Hoplerythrinus cinereus
- Conservation status: Data Deficient (IUCN 3.1)

Scientific classification
- Kingdom: Animalia
- Phylum: Chordata
- Class: Actinopterygii
- Division: Teleostei
- Order: Characiformes
- Family: Erythrinidae
- Genus: Hoplerythrinus
- Species: H. cinereus
- Binomial name: Hoplerythrinus cinereus (Gill, 1858)
- Synonyms: Erythrinus cinereus Gill, 1858;

= Hoplerythrinus cinereus =

- Authority: (Gill, 1858)
- Conservation status: DD
- Synonyms: Erythrinus cinereus Gill, 1858

Species of fish

Hoplerythrinus cinereus, the yarrow or yellowhead wolffish, is a species of freshwater ray-finned fish belonging to the family Erythrinidae, the trahiras. This species is endemic to the western drainage sistems on the island of Trinidad in Trinidad and Tobago, but is of uncertain taxonomic status.

==Taxonomy==
Hoplerythrinus cinereus was first formally described as Erythrinus cinereus in 1858 by the American biologist Theodore Gill, with its type locality given as "Trinidad Island, West Indies". It was listed as a valid species of Erythrinus by Osvaldo Takeshi Oyakawa in 2003. However, the International Union for Conservation of Nature classify H. cinereus as data deficient because they regard it as insufficiently studied to demonstrate that it is not a junior synonym of H. unitaeniatus.
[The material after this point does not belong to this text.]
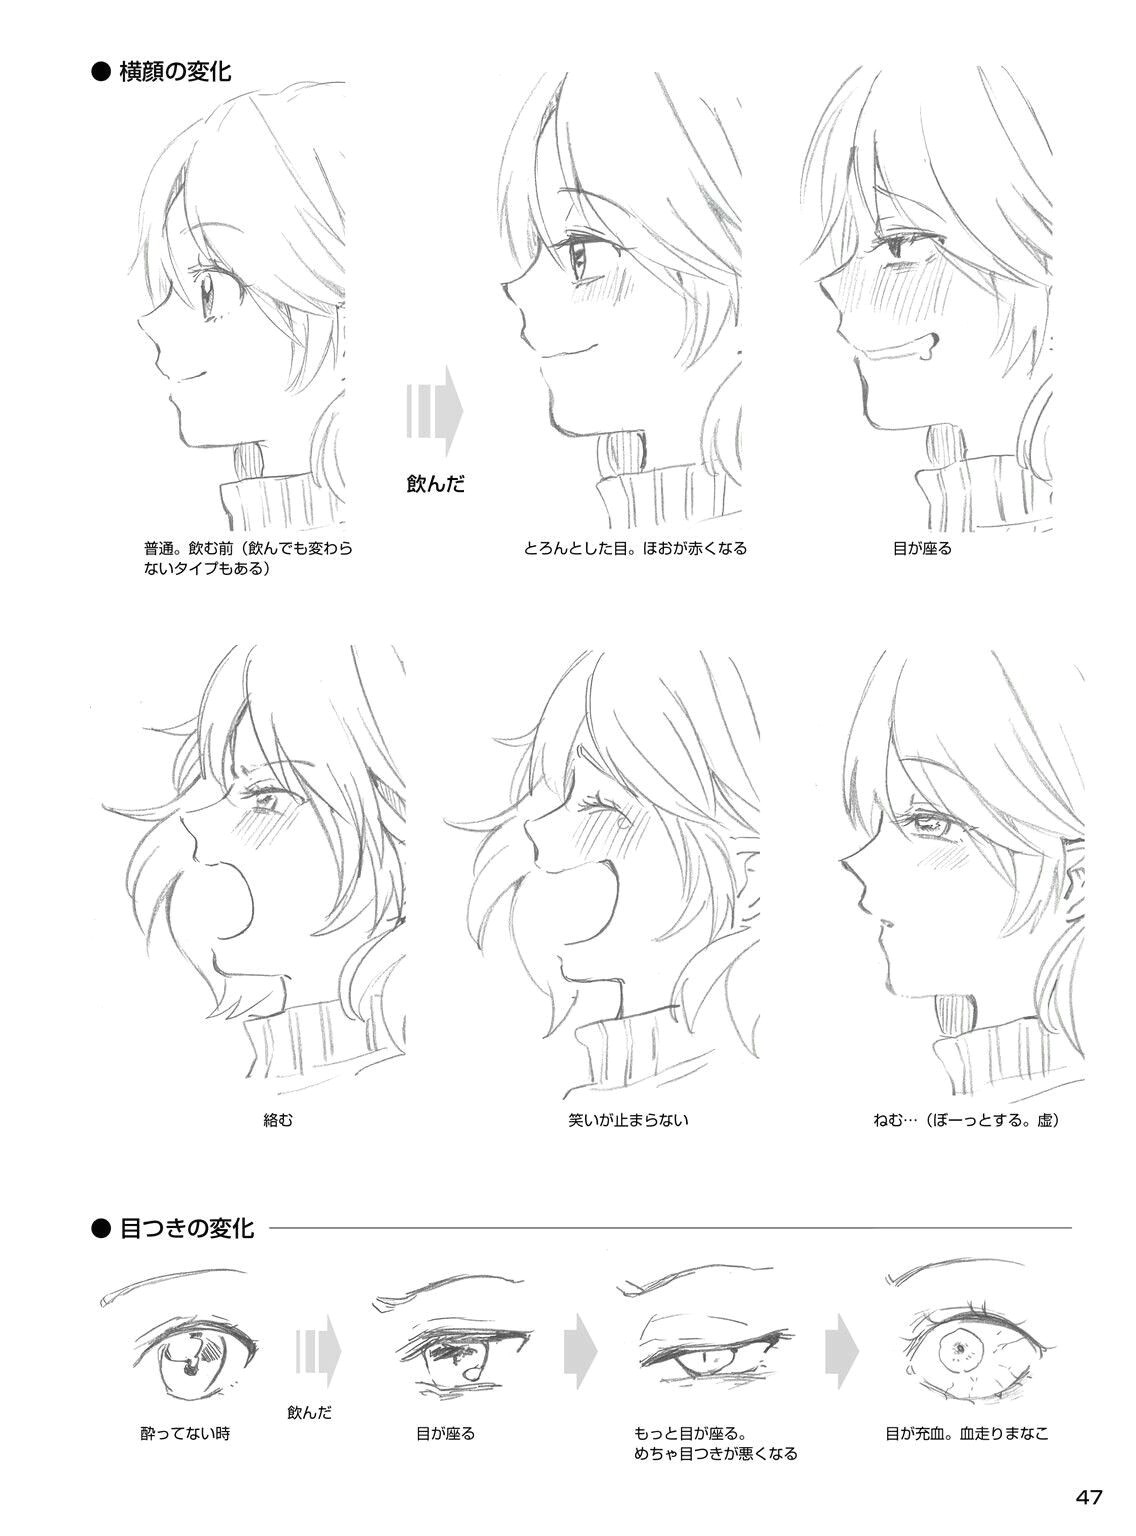 Drawing Anime Expressions Pin by Wolf Drawing64 On Anime Manga Art Drawing Tips Pinterest

This taxon is classified within the genus Hoplerythrinus in the family Erythrinidae, which is within the suborder Characoidei of the order Characiformes.

==Etymology==
Hoplerythrinus cinereus is a member of the genus Hoplerythrinus. This name combines the Greek hoplon, meaning "shield" or "armour", a reference to the infraorbital bones being large and covering the cheeks, with the genus name Erythrinus. These enlarged infraorbital bones are not unique to this genus, and all trahiras have them. The specific name cinereus means "ashy", i.e. grey, an allusion to the colour of this fish.

==Distribution and habitat==
Hoplerythrinus cinereus, if it is a valid species, is endemic to river catchments of the western part of the island of Trinidad in Trinidad and Tobago.